We went to a small cookout last night. It was okay. These people are nice people…she is Deb’s patient, and he is now our veterinarian. I can count on one hand (well, maybe on two fingers) the number of Deb’s patients with whom we’ve become friends…sometimes some people just decide that you’re going to be their friend, and that’s that. So now we’re all friends.
And I do love to be invited for a cookout. However, I also love food to taste really good. And every time we go to this home for food, the food is just okay. (I hate to sound so snobby, but there you go.) We’ve got several friends like this…they grill out, but the meat is sort of plain; I mean, have you never heard of salt and pepper?! The baked beans were heated straight from a can. I wouldn’t dream of serving baked beans like that. You want good baked beans? Come to my house. Baked beans require bacon and onion and mustard (!) and brown sugar and—drumroll—barbecue sauce. Everything I ate last night was sort of plain and plain and plain (except for the salad I contributed, which I have to say was delicious. I caught Deb eating the last of it from the salad bowl with her fingers. That’s how good it was).
I like something to kick my ass at a cookout…either the food or the conversation or the games or the bonfire. This was never a problem when I drank alcohol. Even if the company is dull, you can kick your own ass by drinking. Nothing was too boring. Of course, there’s a big price to pay for all of that excitement. Like nearly dying. I seldom have a hard time stirring up a cookout these days (I swear, I do not need the alcohol) because if things begin to slump, I usually bring up some crazy topic. But sometimes I just let it go. As I did last night.
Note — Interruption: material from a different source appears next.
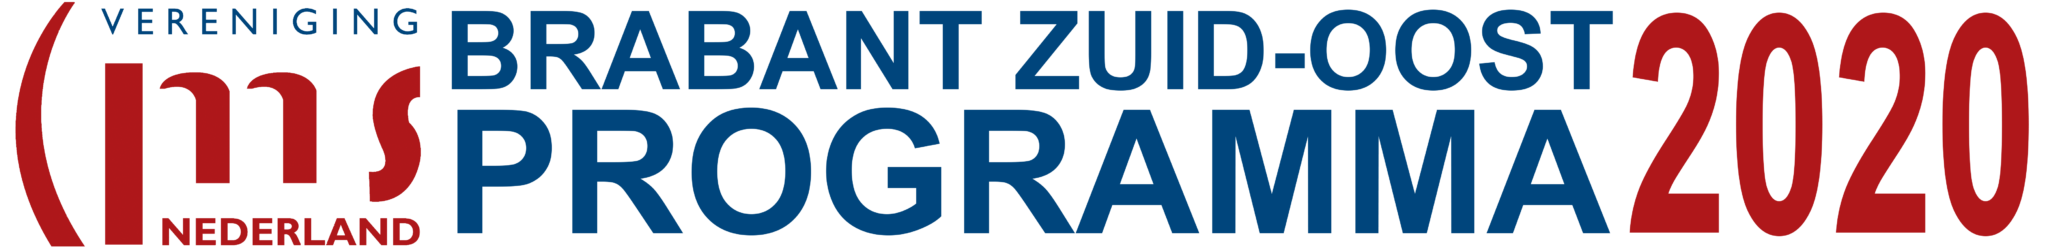 MSVN Brabant Z-O Agenda 2020

(Note to self: Never make your guests endure a computer slide show of your trip to Ireland).
Liz, at your cookout the baked beans and salad kicked ass! Really, I mean it. I’m looking forward to it all over again tomorrow. And, Deb, you grill a mean ass burger! Thanks again for a great 4th.
And you, Mary, can whip up some kick-the-devil’s-ass deviled eggs. That’s what I’m talkin’ about. Seriously.